Bacteriophage therapy an alternative to antibiotics

Bacteriophage treatment involves injecting or applying a cocktail of bacteriophages, which consist of a virus that attacks specific infection-causing bacteria. In short, the bacteriaphages "eat" the bacterium concerned.

Phage therapy is currently the subject of mainstream research and application in Georgia in the former Soviet Union.


The history of phage therapy can be traced as far back as 1896. M.E Hankin reportedly witnessed the antibacterial action of the Indian rivers Ganga and Yamuna against the bacterial strain Vibrio Chlorae. Hankin’s findings are said to have explained the low numbers of cholera cases among people who consumed the river water.

In 1915 and 1917, Frederick Twort and Felix d'Hérelle from England reported similar results. It was d'Hérelle who named these ultra-microbes ‘bacteriophages’ (bacteria eaters) and who pioneered the use of phages for treating Shigella dysentery in France. Around the same time, a Georgian by the name of George Eliava was conducting phage research of his own.

Eliava met d'Hérelle at the Pasteur Institute in Paris, after which he established the Eliava Institute in Tbilisi, Georgia, dedicated to the further study of phages.

How they work

Bacteriophages are divided into two types: lytic and lysogenic. References to bacteriophages for therapeutic reasons allude to lytic bacteriophages. Lysogenic phages are not useful for therapeutic purposes.

Phages attach themselves onto bacteria and inject their DNA into the cells. In a matter of minutes, a bacterium becomes a phage factory, producing more and more phages after having corrupted the reproductive mechanism of the bacterium. Eventually the new phages burst through the walls of the cell, destroying the bacterium and continuing the process by spreading to other bacterial cells.

By nature, most phages are ‘bacterium-specific’, meaning that they can only affect specific strains within a species. Phage therapy therefore results in less harm to the body than traditional antibiotic treatment. This also helps prevent secondary infections usually caused by the use of antibiotics.

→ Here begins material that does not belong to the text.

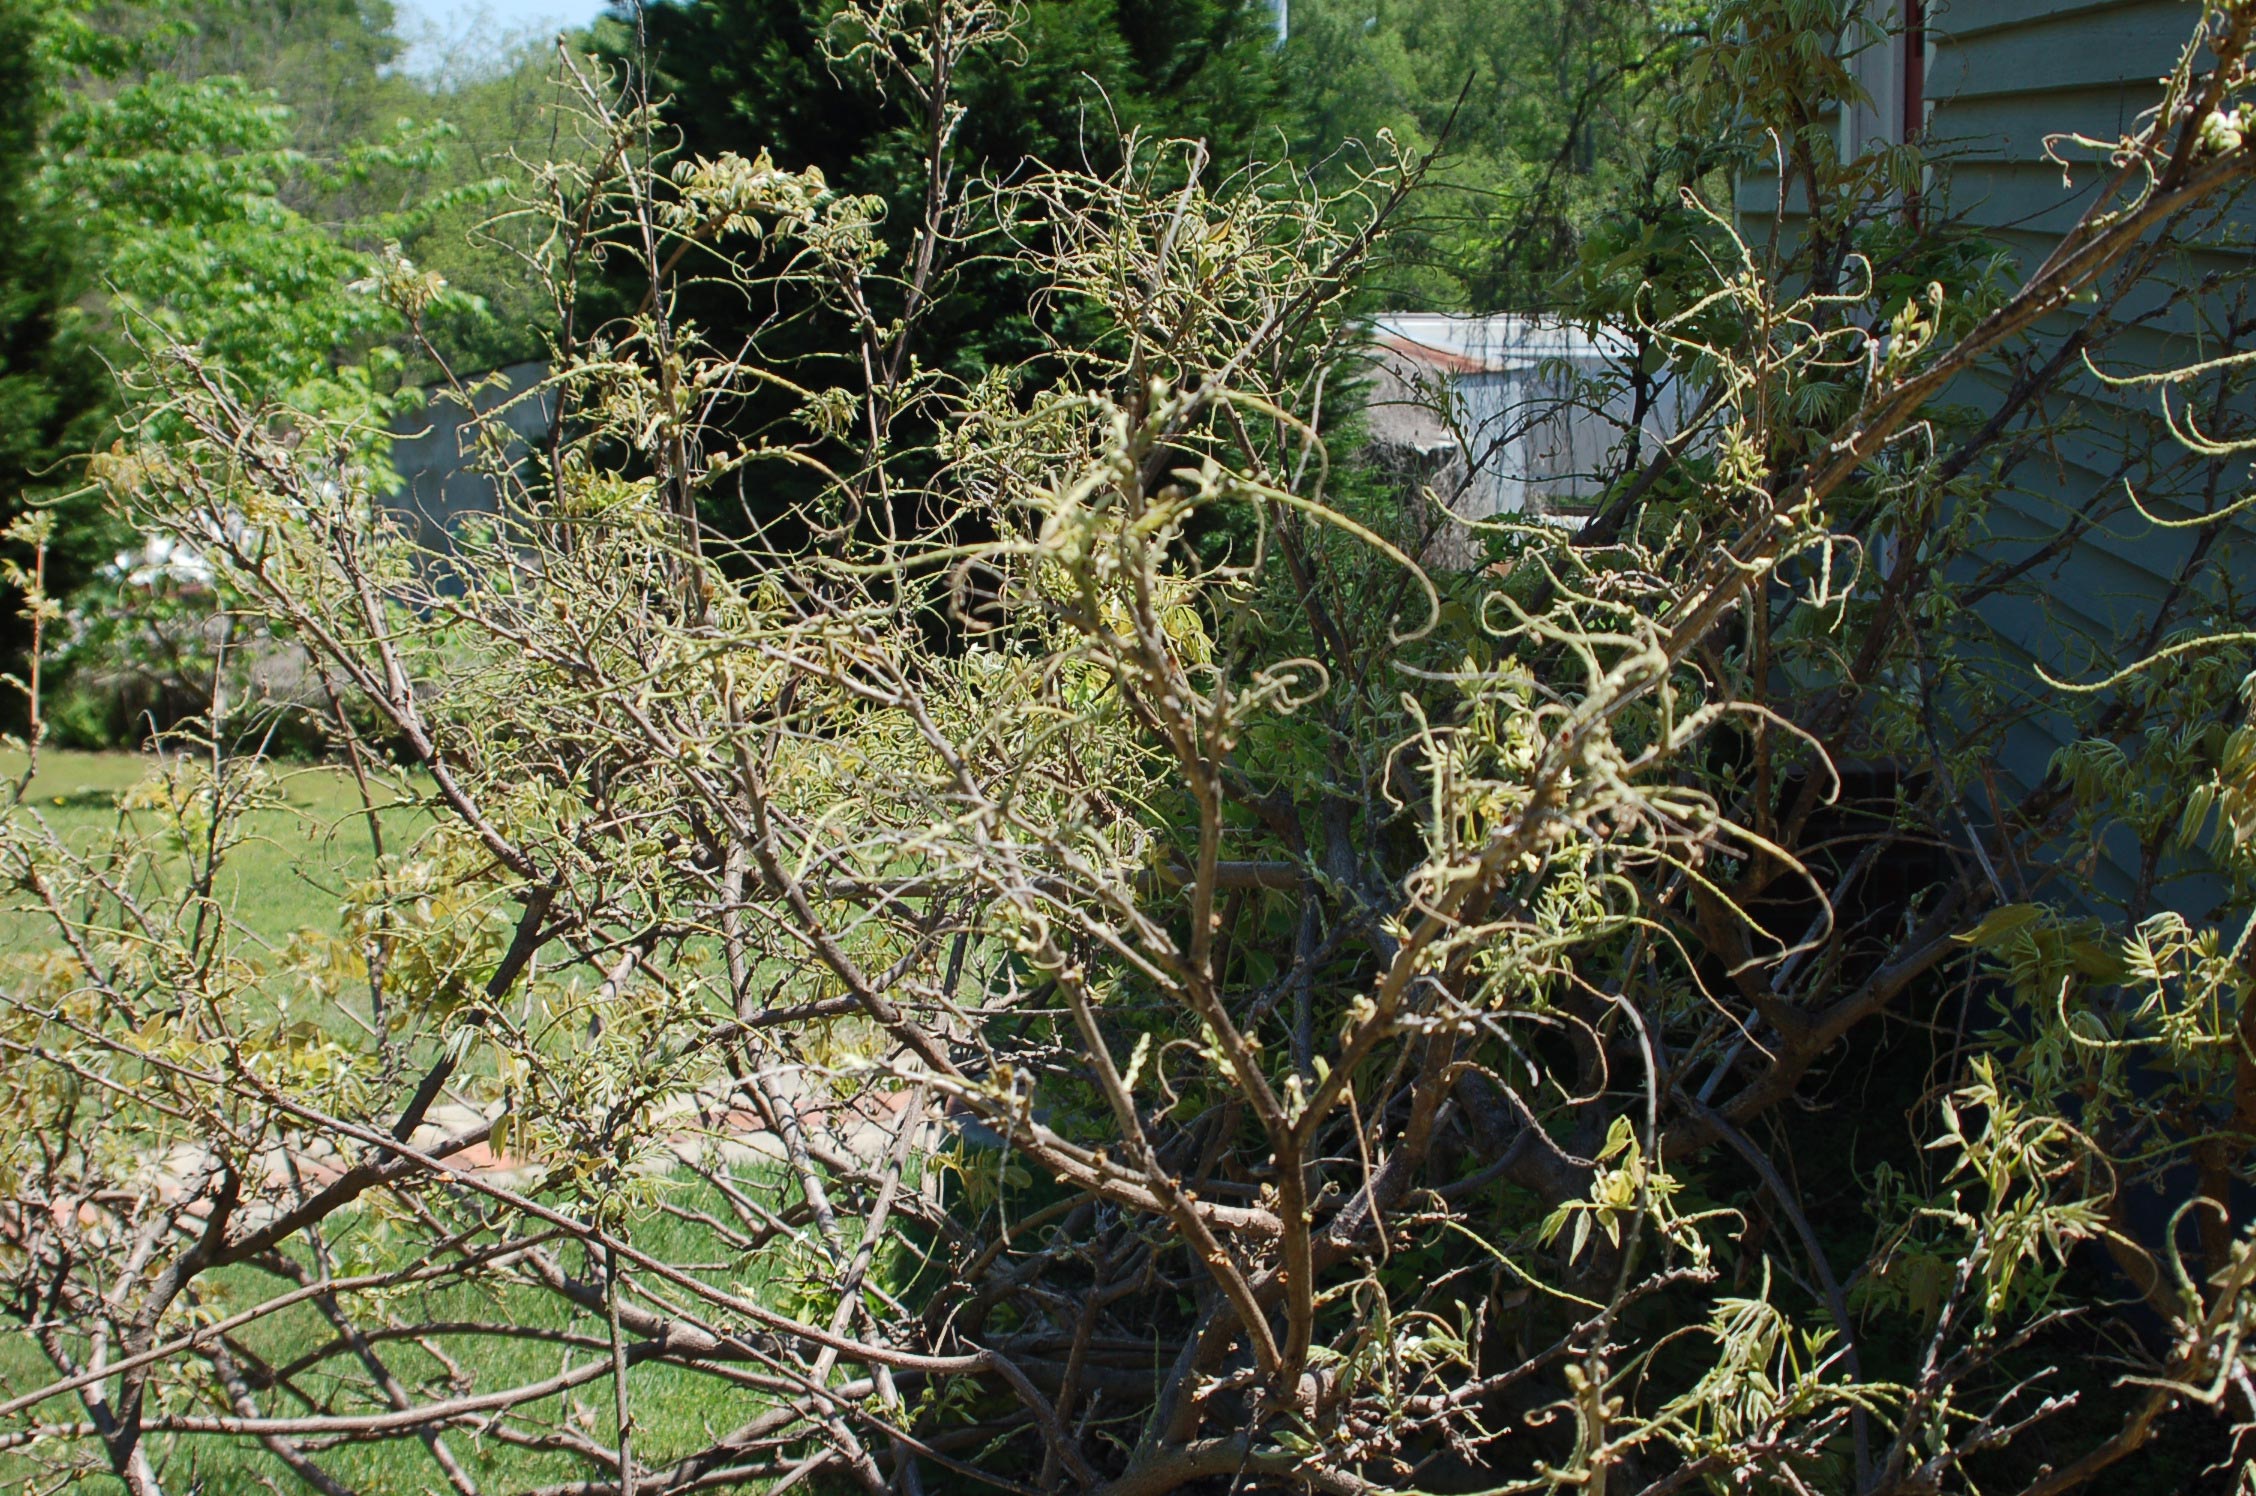 kudzu bug on wisteria

The manner in which phages are applied depends on the type of condition from which a patient suffers. They can be applied topically, during surgery or orally. They can also be applied by means of injection. The nature of the immune system (that automatically fights against any viruses introduced into the bloodstream or lymphatic system) means that injected bacteriophages are only used on rare occasions, such as when no other method of application would be effective.

Better than antibiotics?

Bacteria eventually grow resistant to antibiotics, but phages are able to change and adapt in ways that make them a constant threat to bacteria. All viruses change and adapt themselves in time, and bacteriophages are no exception. Also, phages have the advantage of being able to penetrate deeper into an infected area than antibiotics can, because phages keep reproducing, unlike antibiotics, which eventually lose efficacy.

On a practical level, phages are more viable than antibiotics for a number of reasons. These include:

  • There are almost no serious side-effects (antibiotic use can result in secondary infections).

  • Selecting new phages to combat an infection is a much quicker process than finding new antibiotics, which sometimes take up to several years.
  • Phages replicate at the site of infection, but antibiotics are eliminated from the body after they’re metabolised.